In late September, Secretary of the Department of Health and Human Services Kathleen Sebelius announced1 that HHS had formally delegated authority to the Commissioner of the FDA for oversight of the clinical trial posting requirements under Section 801 of the FDA Amendments Act of 2007 (FDAAA).2 Specifically, the announcement noted that the FDA now has authority to police whether a posting meets the statutory requirements, as well as determining whether or not the posting is accurate (ie, not false or misleading).3 According to HHS, the FDA may allow a party subject to the FDAAA posting requirements 30 days to properly post or correct a posting.4

Mahnu Davar

To some, this announcement may seem like an administrative detail, but it is significant for two reasons. First, it implicitly clarifies that the FDA, and not the National Institutes of Health (NIH) or another public health agency, has ultimate responsibility for enforcing the requirements of Section 801. Since passage of the FDAAA, the role-sharing between NIH and FDA has been unclear; the FDA has never promulgated specific regulations on the posting requirements. Rather, parties subject to the requirement have relied on NIH guidance and a few statements endorsing those requirements by the FDA in other guidance documents. We should now expect to see greater clarity from the FDA on its expectations on the content and timing of the relevant postings (including whether it will continue to adopt the NIH “rules” or develop more granular ones of its own).

 

Second, while the push toward more transparency in human clinical trials can be beneficial in informing treatment choices, empowering patients, and curbing potential fraud, it will be interesting to see whether the FDA and other government authorities will use the posting requirements as an enforcement tool. Unfortunately the signs point to “yes.” The FDA and other enforcement authorities have long had the authority to police clinical trials and require the sharing of trial results. However there has been a marked shift over the past few years toward holding sponsors and investigators accountable under aggressive civil and criminal theories. For example, alleged failures to disclose certain clinical trial results were at the heart of the government’s landmark case against GlaxoSmithKline (GSK) earlier this year.5 GSK pleaded guilty to criminal charges, including a specific charge that it had failed to disclose to the FDA the results of post-marketing Avandia trials that were being conducted in Europe at the request of European regulators. In public documents, the government charged that those results included safety information that contradicted representations made by GSK sales staff and would have been material to US regulators. To resolve civil, criminal, and administrative claims, GSK paid a record-breaking $3 billion, and both companies were subjected to onerous compliance and probation requirements. Those requirements include a 5-year Corporate Integrity Agreement between GSK and the Office of the Inspector General of HHS, requiring that, among other things, GSK continue to post trials to clinicaltrials.gov in compliance with federal requirements and take specific steps to ensure transparency around its clinical trial practices.6

 

In this new era of “enforceable transparency,” it is therefore reasonable to expect to see additional compliance requirements likely down the pipeline.
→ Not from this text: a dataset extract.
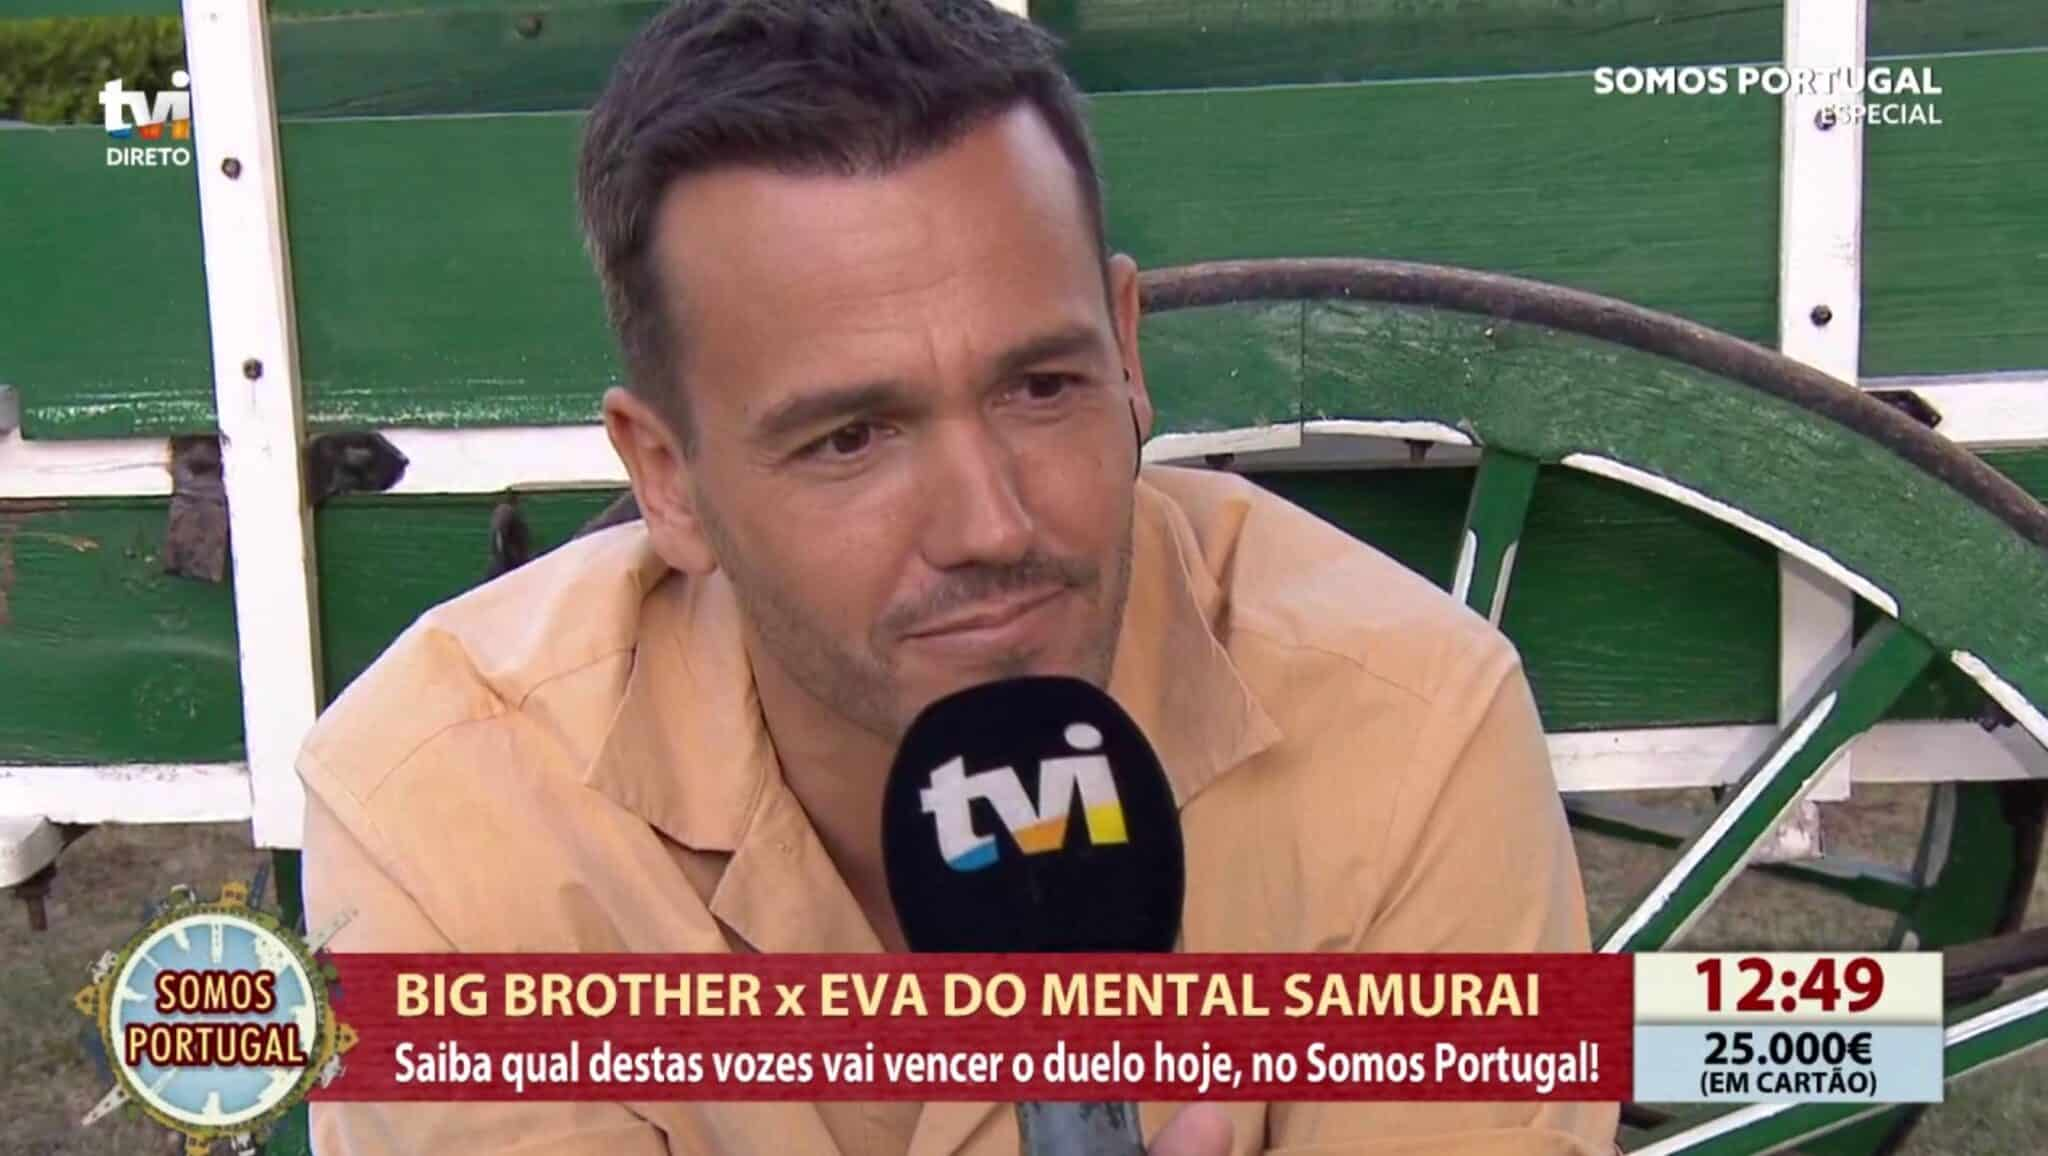 somos-portugal-bronca-big-brother-eva

For example in January, prior to the HHS announcement, the FDA set forth its expectation that informed consent forms for post-FDAAA trials include a specific disclosure to patients that the trials will be posted on clinicaltrials.gov as well as a description of what content could be posted.7 A failure to include this disclosure could put a site out of compliance with Good Clinical Practices. And we can expect to see regulators both inside and outside the US using sites like clinicaltrials.gov, and other registries, as a way to monitor compliance and target wrongdoers. In fact, that is now the FDA’s express charge, and it will be important for manufacturers, researchers, and health care providers to keep abreast of these developments.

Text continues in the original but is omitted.